Sunday, July 29, 2007

What You Will...

As it turns out, I didn't get that job at Thanksgiving Point. She only hired two of the four people she was supposed to hire. Oh well, what can ya do? I think I might be able to work things out with Iceberg. Becky (the general manager) says she wants everyone to be able to work out their hours so they can still work during school. We'll see how that goes; usually everything she says, she forgets. But I'm going to talk to her about it sometime this week, so I guess I'll settle it then.

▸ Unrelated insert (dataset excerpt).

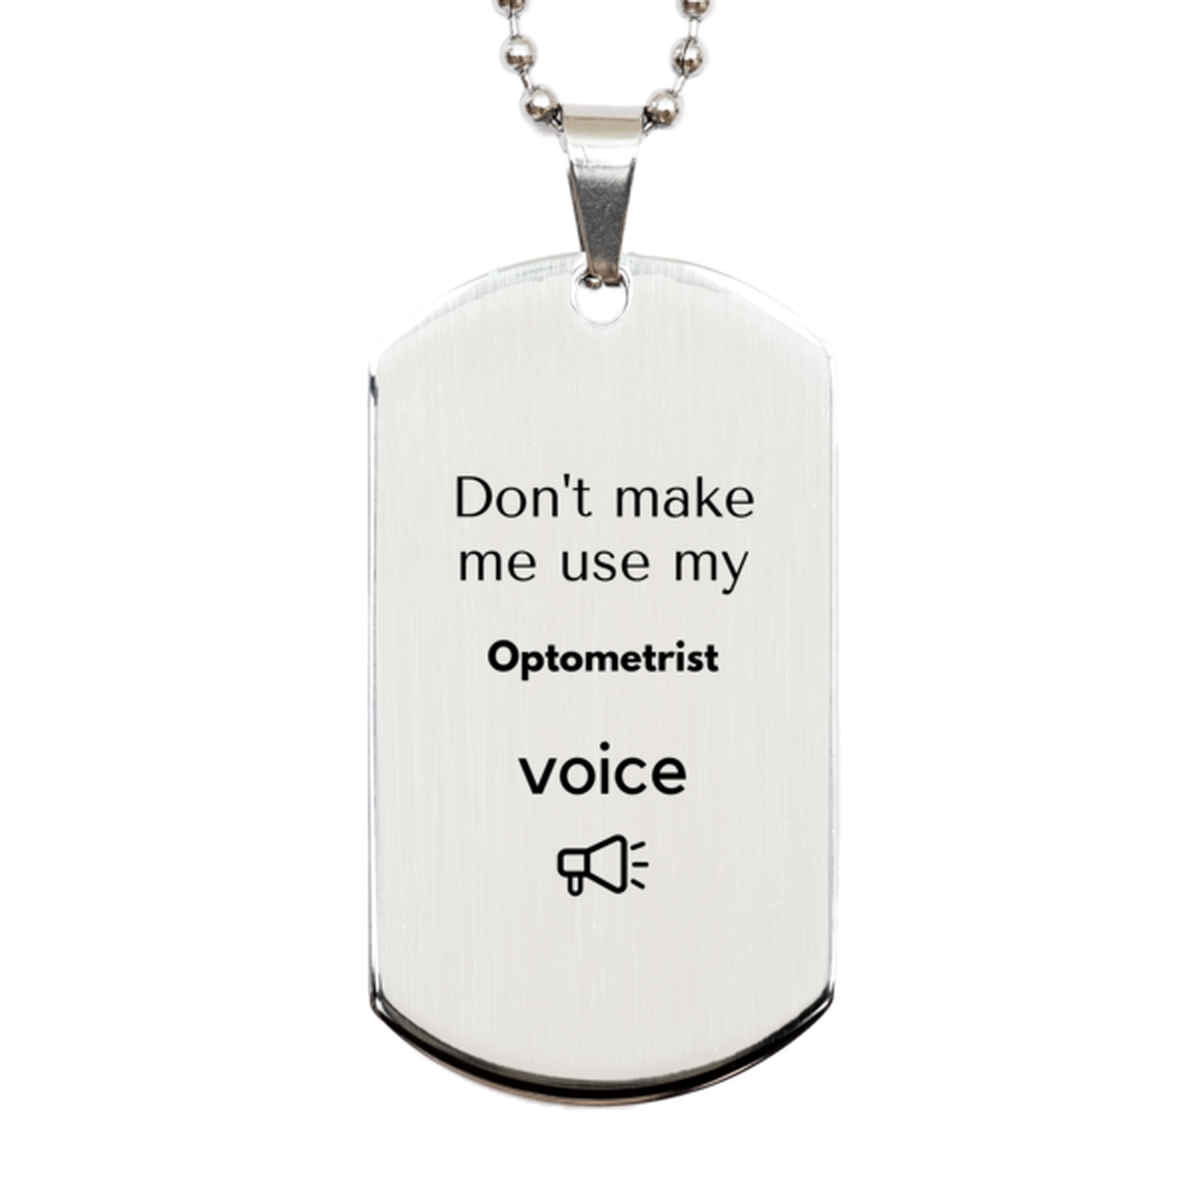 Don't make me use my Optometrist voice, Sarcasm Optometrist Gifts, Christmas Optometrist Silver Dog Tag Birthday Unique Gifts For Optometrist Coworkers, Men, Women, Colleague, Friends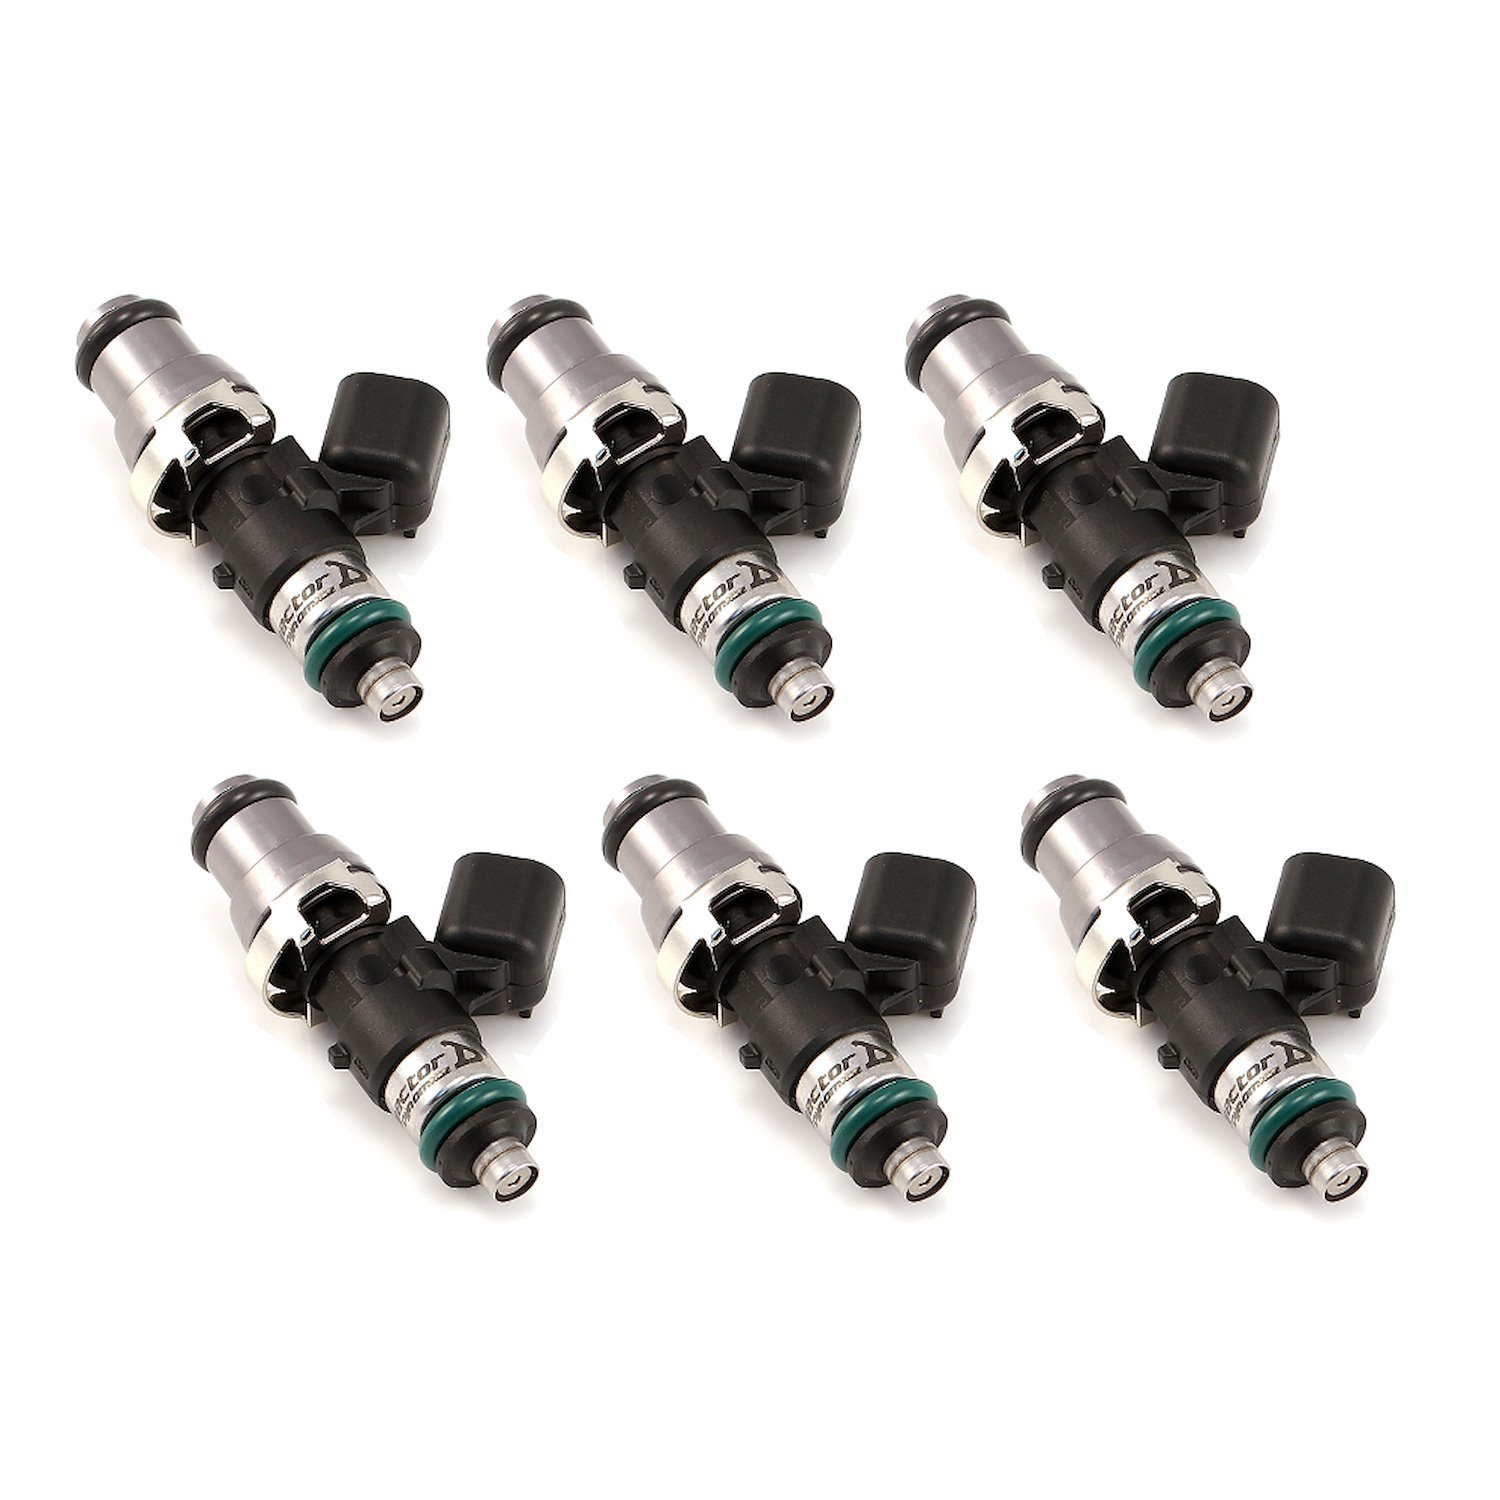 1300.48.14.14.6 1340cc Fuel Injector Set, 48 mm Length, 14 mm Grey Top, 14 mm Lower O-Ring

Call me crazy, but I love the rain. When it was raining really hard on Thursday night, I was the happiest I had been all day. The only thing bad was I had to work that night and while taking out the trash. I was only out there for twenty seconds, and I got drenched. I wish it would rain more often around here. I don't want it to rain all the time, but more than twice a month would be a fantastically good thing for me.
I bought a Thesaurus and a Dictionary yesterday (it's very sad that me, being an ambitious author, didn't have a real Dictionary or Thesaurus up until yesterday). I was pretty excited, now I finally have a more expanded vocabulary for my writing. I'll have to start posting some more items.

Sunday, July 15, 2007

Nothing New

Well, I had a job interview for Thanksgiving Point on Friday. It's at that little deli next to the Dinosaur Musuem. Anyway, I think it went well. Hopefully, they'll hire me. I'll basically be doing the exact same thing that I'm doing now, only the hours and people will be 1000 times better.
My mom made me take those pictures off. (If you didn't get to see it before, it was a bunch of hilarious pictures my parents took at the wax musuem. It made me sad... oh well, life goes on.)
I just finished reading the first chapter of Midnight Sun. (It's the first chapter of Twilight in Edwards perspective.) It was amazing. If she actually publishes the whole book, I'll be very happy.
Well, I just felt like I had to write something, and that's about all for me today.

Sunday, July 1, 2007

Hope's Rollercoaster

So much for that date. We had it all planned out for last night only to find out he had some soccer thing. Now he's busy for the next two weeks, and then the week after that is our family trip to the gorge. I don't want to give up on it or anything, but I've been waiting for this thing to happen for the past few weeks now, and I'm sick of getting my hopes up. As far as I'm concerned, this thing may never happen. I just need to get over it (which is a serious problem because he's way too cute for me to just get over it.) I don't know what to do. Any suggestions? Am I just over reacting? It seems like I'm not giving myself enough credit, but then it also seems like I was never good enough for this to happen anyway. Once again, I repeat, I don't know what to do. HELP!!!